DATA EXTRACT:
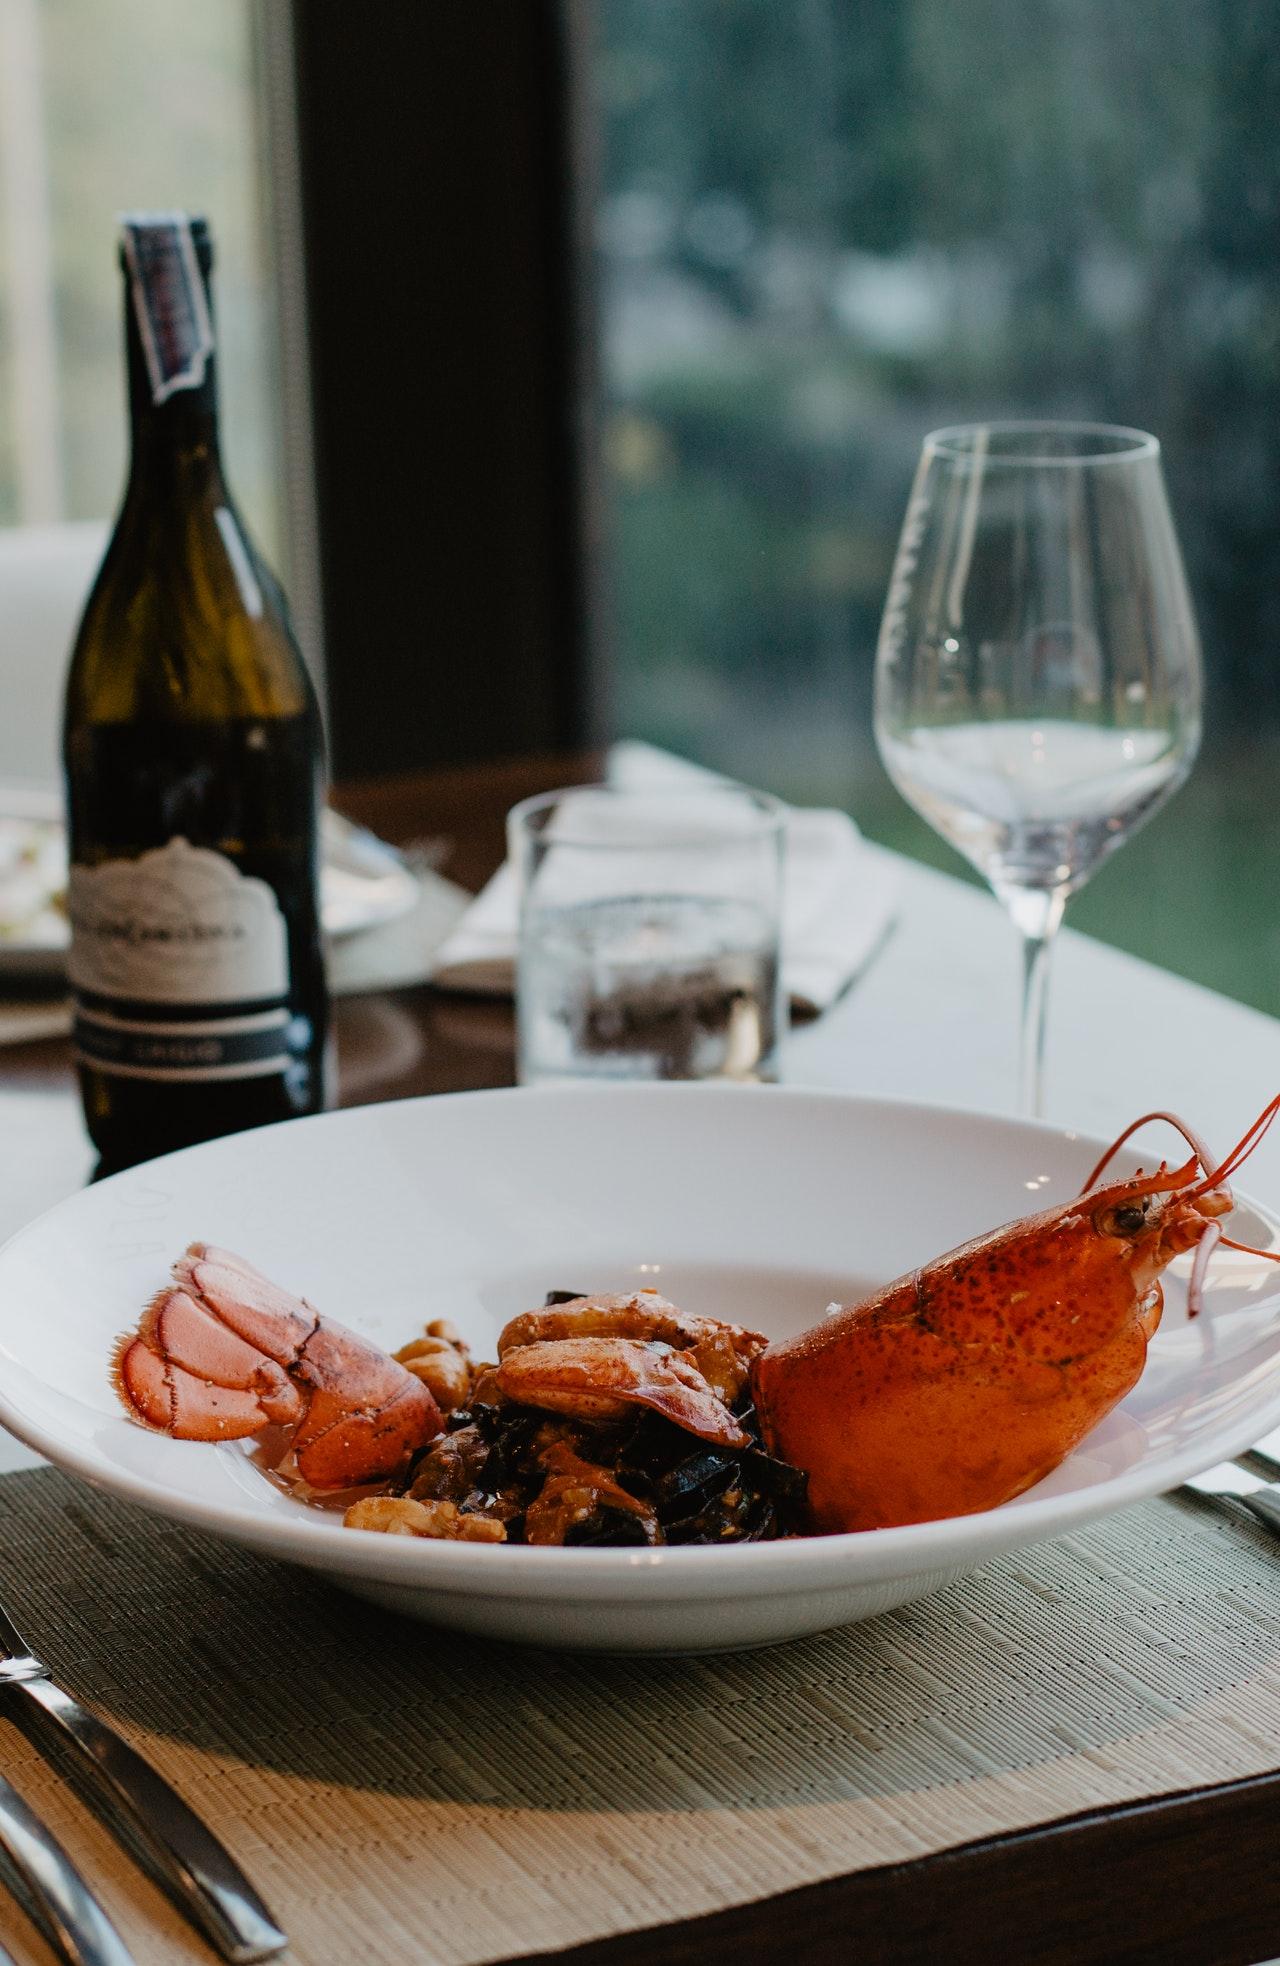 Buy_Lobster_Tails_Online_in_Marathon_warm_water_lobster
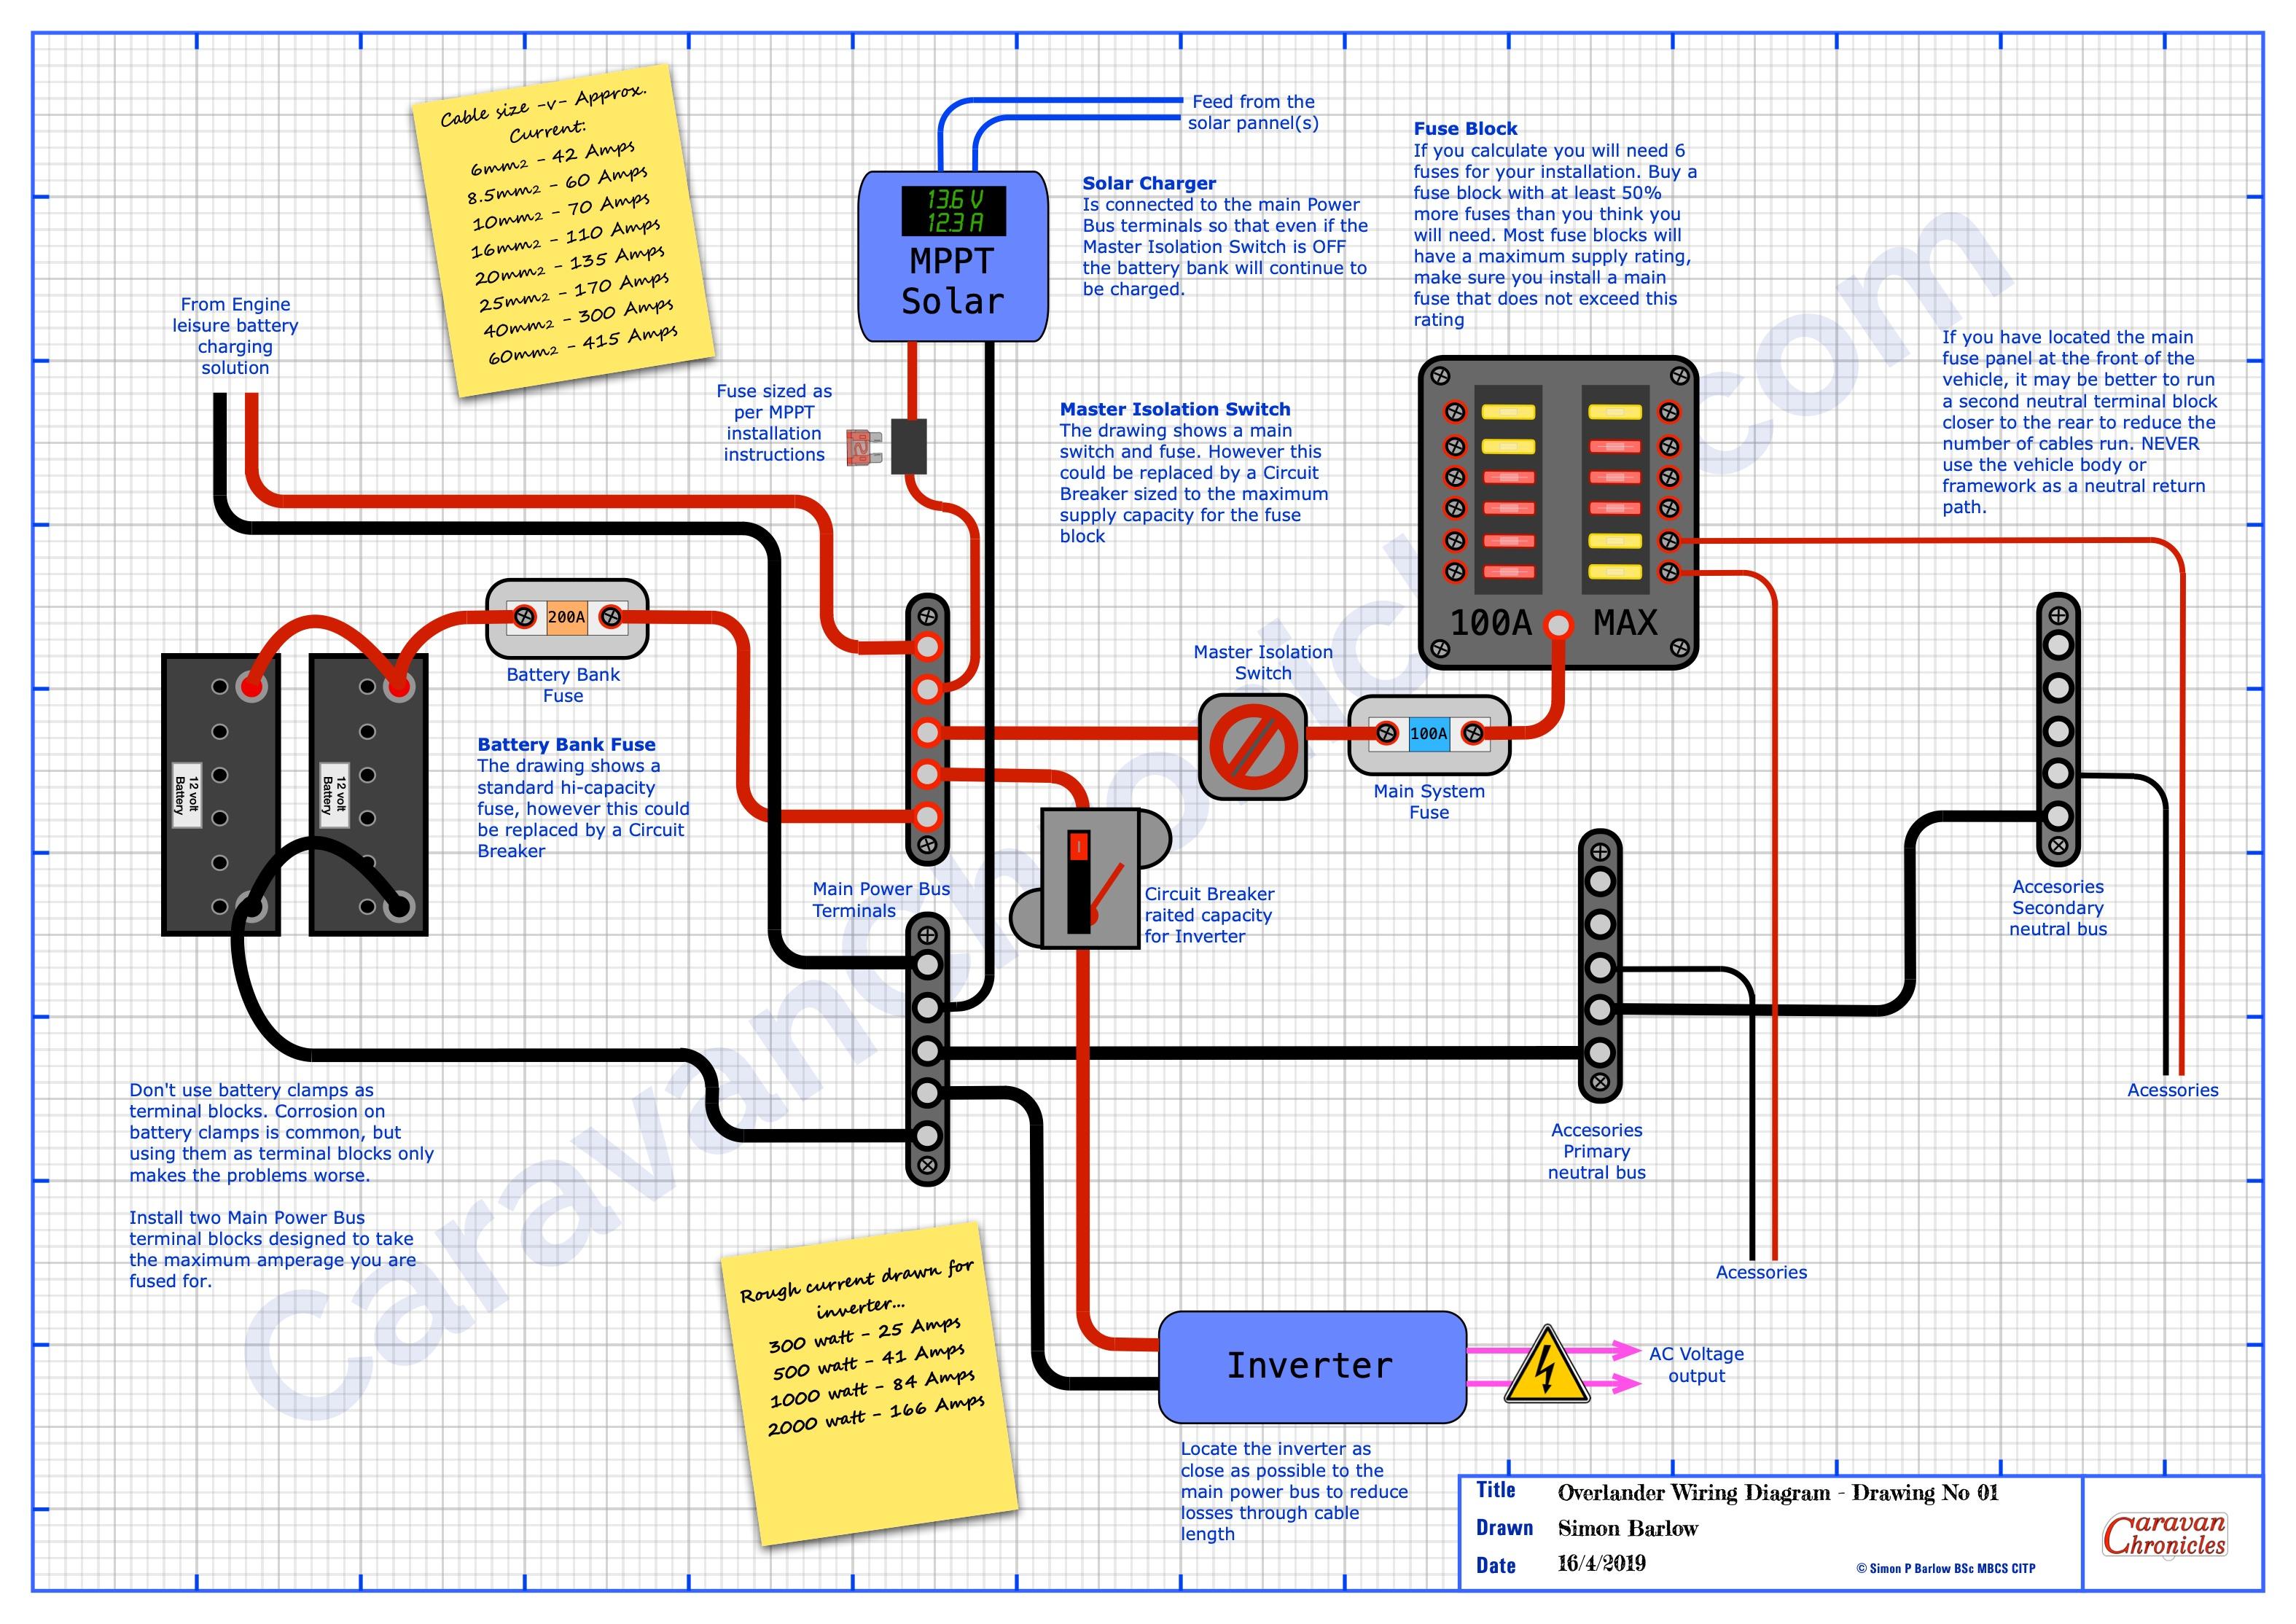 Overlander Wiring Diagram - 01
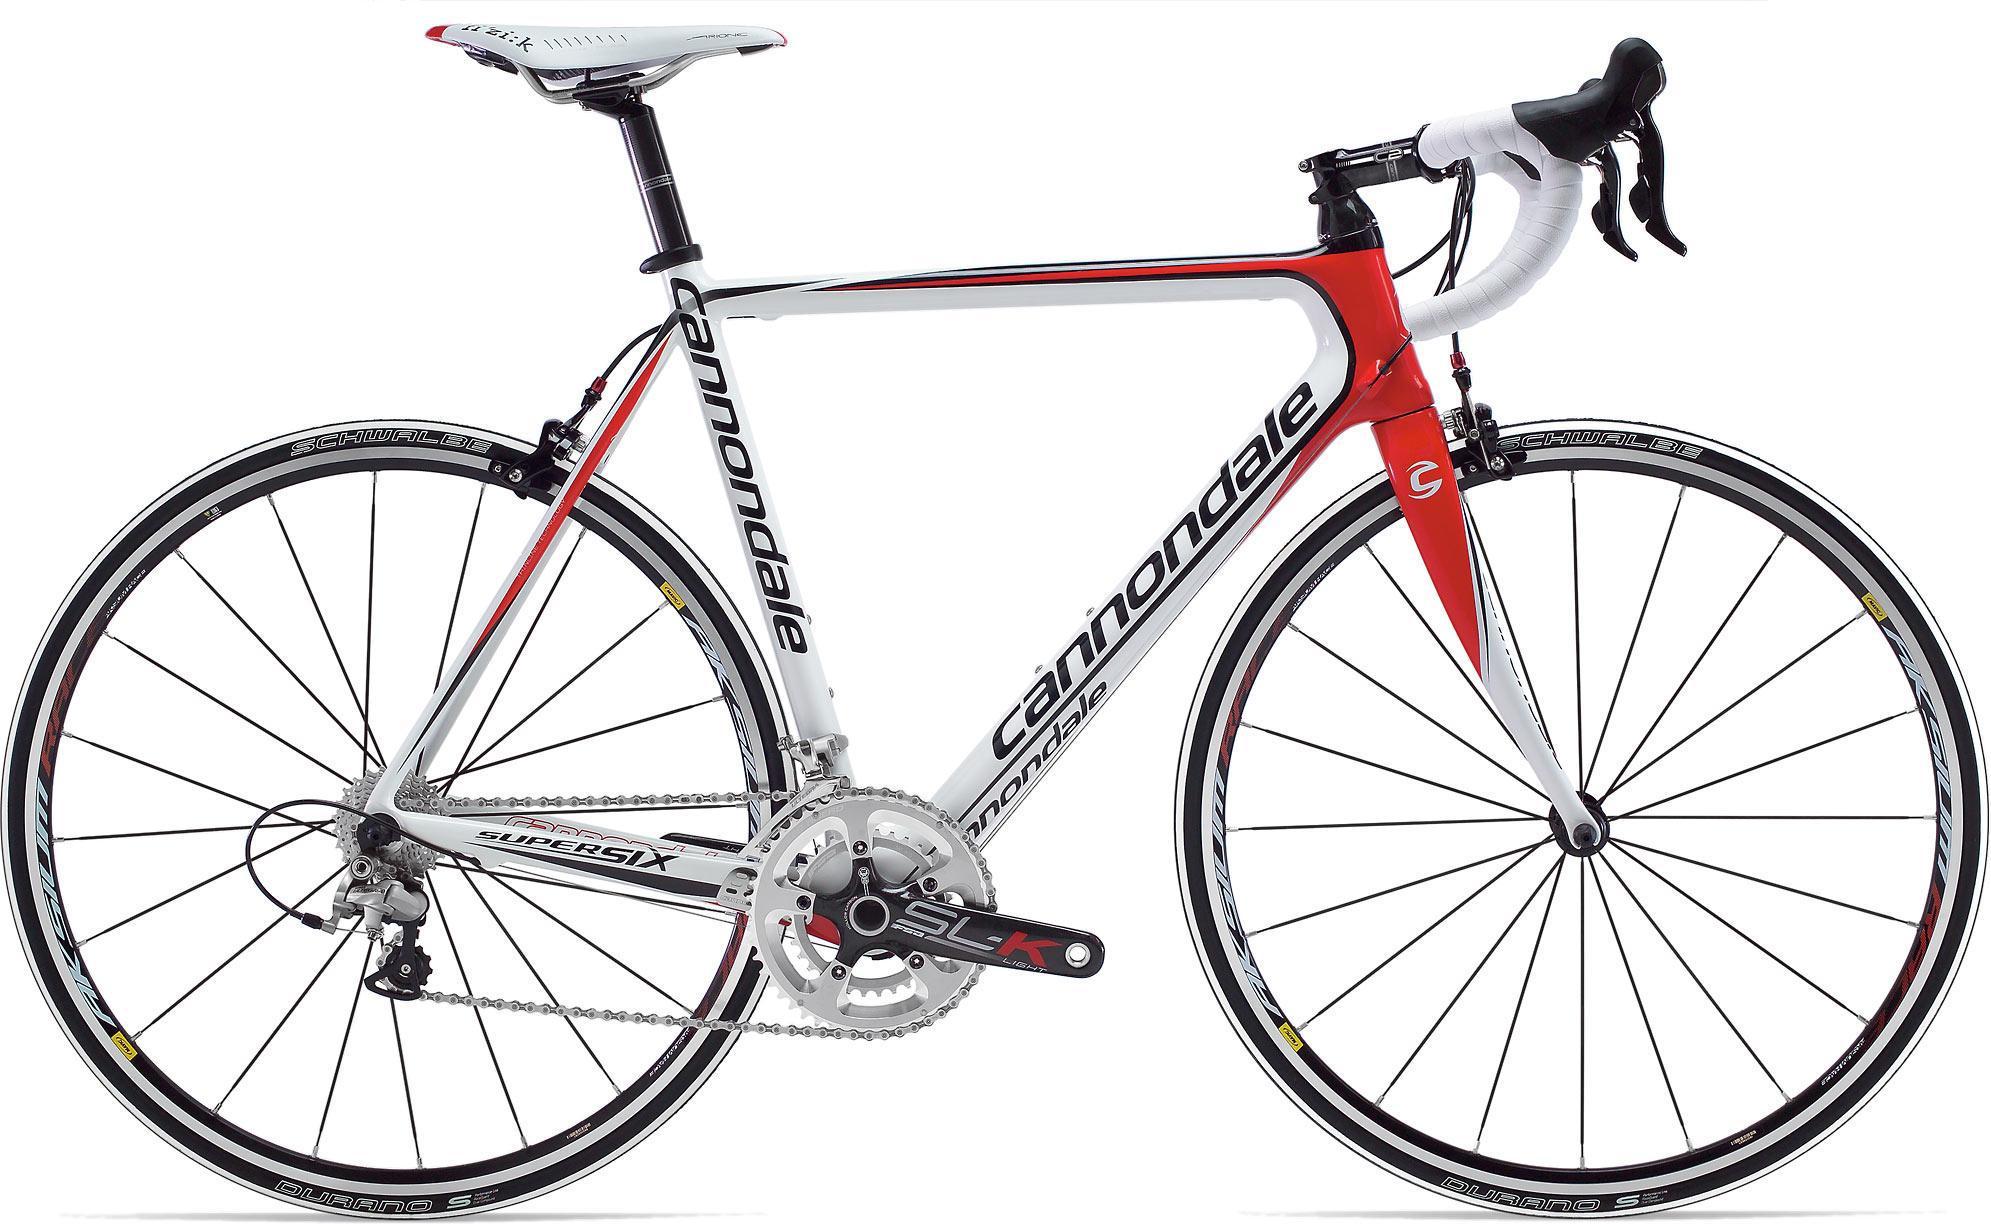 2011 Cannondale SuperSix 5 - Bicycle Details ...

EXERCISE GOAL: When copying the listing, skip the pictures and keep each line exactly as written.

YOUR SOLUTION:
 Buy_Lobster_Tails_Online_in_Marathon_warm_water_lobster
 Overlander Wiring Diagram - 01
 2011 Cannondale SuperSix 5 - Bicycle Details ...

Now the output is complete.